Сверхсущее начало как такое (или собственно абсолют­ное) есть безусловно внутреннее единство, следовательно, Идея, как проявленное абсолютное, есть осуществленное единство, то есть единство во всем или в множественности; это все, эта множественность уже заключается потенциаль­но в абсолютном, которое есть единое и всё. В Логосе эта потенциальная множественность переводится в акт, следо­вательно, в идее она должна быть опять сведена к единству как уже действительная. Другими словами, сверхсущее как такое есть коренное, субстанциальное единство многих прежде их проявления (или, точнее, независимо от их про­явления), Идея есть их действительное единство как уже проявленных, Логос же есть начало их различения.

Что касается до самих этих многих элементов, кото­рые Логос различает в абсолютном и которые находят свое единство в Идее, то мы уже определили основные из них как дух, ум и душу. Итак, Идея есть действительное един­ство духа, ума и души. Они едины в абсолютном, едины и в Идее, но различным образом. Они субстанциально едины в абсолютном, различаются в Логосе, соединяются актуаль­но в Идее. Их различенное Логосом бытие, а именно воля как бытие духа, представление как бытие ума и чувство как бытие души называются натурой или природой сущего. Ло­гос есть производящее (определяющее, деятельное) начало бытия или натуры и постольку им соответствует, но не тождествен с ними и не должен быть с ними смешиваем. Он есть божество в бытии или природе, так же как Идея есть божество в сущности или объекте (отражении).

      Единство трех основных субъектов в Идее является трояким, поскольку принцип этого единства может на­ходиться в собственно абсолютном, или же в Логосе, или, наконец, непосредственно в самой Идее. Другими словами, это их единство, осуществляемое в Идее, является иным для абсолютного, иным для Логоса и иным для самой Идеи. Как мы уже знаем, первое есть благо, второе — истина, третье — красота. Только истина, как единство теорети­ческое или логическое, мыслится; благо как такое только хочется (желается), а красота как такая только чувствует­ся. Другими словами, благо есть единство субъектов, или Идея, поскольку она хочется, истина — поскольку она представляется или мыслится, красота — поскольку она чувствуется. Совершенное же единство состоит в том, что то же самое, именно Идея, что мыслится как истина, оно же и хочется или желается как благо, и оно же самое, а не дру­гое что-нибудь и чувствуется как красота, так что эти три определения не суть какие-нибудь отдельные сущности, а только три формы или образа, в которых является для раз­личных субъектов одно и то же, именно Идея, в которой, таким образом, и обитает вся полнота Божества.

      Но что же такое это одно и то же, в чем состоит идея, которой мы хотим как блага, которую представляем или мыслим как истину, которую чувствуем как красоту? Дру­гими словами, чего мы хотим во благе, что мыслим в исти­не, что чувствуем в красоте? Очевидно, логически опреде­ленный ответ возможен только на второй из этих трех во­просов, ибо благо и красота как такие, будучи предметом воли и чувства, а не мышления, не подлежат логическим определениям, которые относятся к идее только как к исти­не. Но вследствие единства идеи мы и не нуждаемся в ло­гическом определении всех ее форм, ибо благо и красота суть то же самое, что и истина, но только в модусе воли и чувства, а не в модусе представления. Когда мы спраши­ваем: что есть красота, то есть какое она имеет содержание, то мы, собственно, спрашиваем: что мыслится в красоте? А так как подлинный предмет мышления есть истина, то мы, собственно, спрашиваем: что есть истина в своем отно­шении к красоте? То же самое и в вопросе о благе. Таким образом, всякий теоретический вопрос, то есть вопрос о со­держании, в какой бы форме он ни являлся, есть всегда во­прос об истине и ни к чему другому относиться не может.

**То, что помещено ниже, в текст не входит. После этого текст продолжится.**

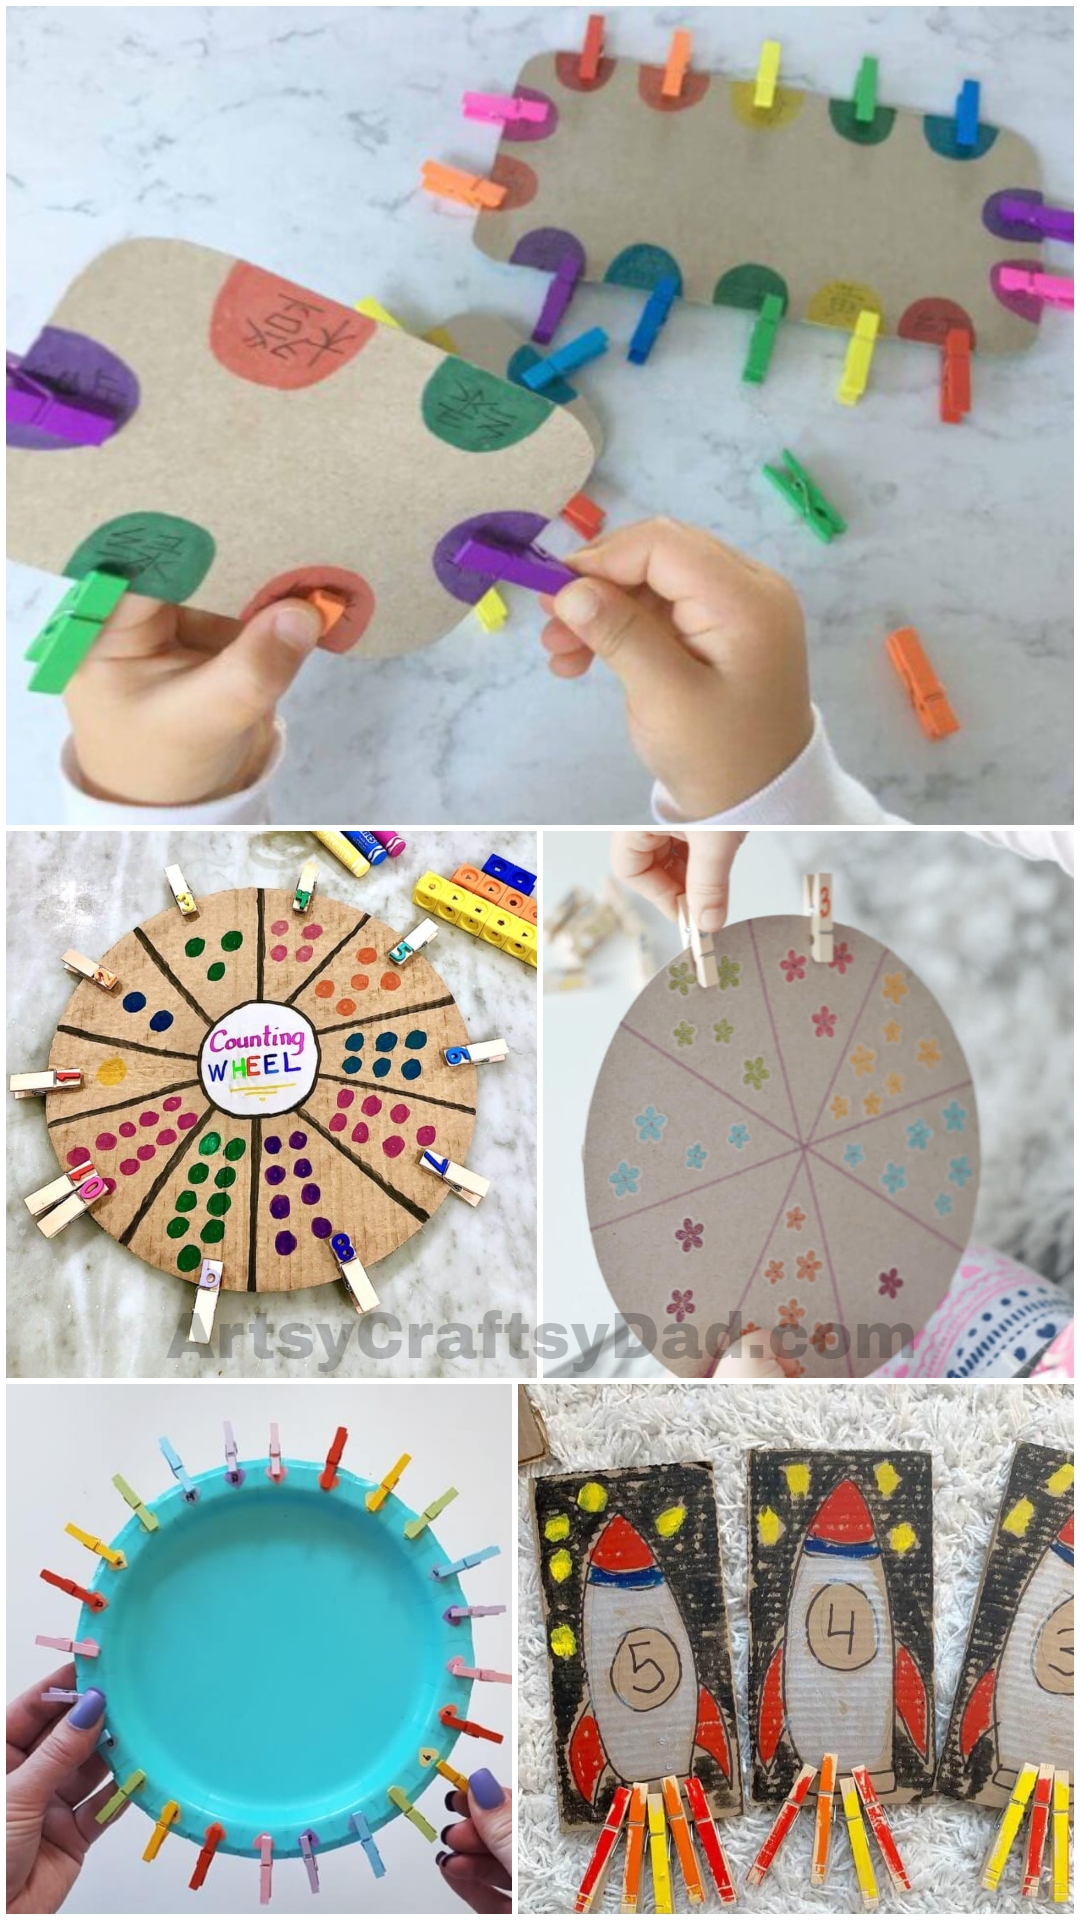 Learning with DIY Clothespins

      Так как идея в образе истины есть мыслимое единство субъектов, то содержание этой идеи зависит от особенных свойств этих субъектов или от их мыслимых различий. Если вообще начало различения есть Логос, то непосредст­венный субъект его есть Ум, то есть Ум, непосредственно определяемый Логосом, различает себя от других субъек­тов, и эти-то различия сводятся к единству в Идее. В этом смысле Логос определяет Идею посредством Ума. Но с дру­гой стороны, обусловленный Логосом Ум полагает разли­чия только ввиду их единства в Идее, то есть Идея, как еще не определенное, потенциальное единство, представляется Уму в его различающей деятельности, и в этом смысле он определяется уже Идеею. Таким образом, этот вечный ло­гический процесс, которым определяется истина, есть взаимоотношение Логоса и Идеи посредством Ума.

      Первоначальный Ум мыслит Идею в логической форме как истину. Это его мышление есть умственное созерцание, то есть все, что он мыслит в Идее, имеет непосредственную объективность, или, точнее, самое противоположение меж­ду субъективным и объективным не существует для перво­начального Ума в том смысле, в каком оно имеет силу для нас. Для нашего индивидуального ума как такого, то есть в его самоутверждении, порождающем чисто рациональ­ное или отвлеченное мышление, Идея или сущность, то есть сущее как объект, является лишь в отвлечении как понятие; ибо наш ум в своей отдельности, будучи только частным явлением среди других явлений и имея, следова­тельно, прежде и вне себя целый объективный мир, от него независимый, должен в своей деятельности — если только хочет дать ей какое-нибудь объективное значение — под­чиняться независимым от него законам этого объективного мира; он не имеет продуктивной силы, не может произво­дить истину, а может только находить ее. Идея в форме истины уже есть первое его самого, и притом ему, посколь­ку он связан с эмпирическим бытием конкретного лица, эта идея не дается непосредственно в своей чистоте, а сме­шанная с вторичным, производным, эмпирическим бытием вещей, подчиненным множеству других условий помимо чистого мышления, и, следовательно, первая задача нашего ума состоит здесь в том, чтобы отделить идею от эмпириче­ской примеси, отвлечь или снять ее; но очевидно, снять или отвлечь ее можно только как форму без подлежательной действительности, или только как понятие.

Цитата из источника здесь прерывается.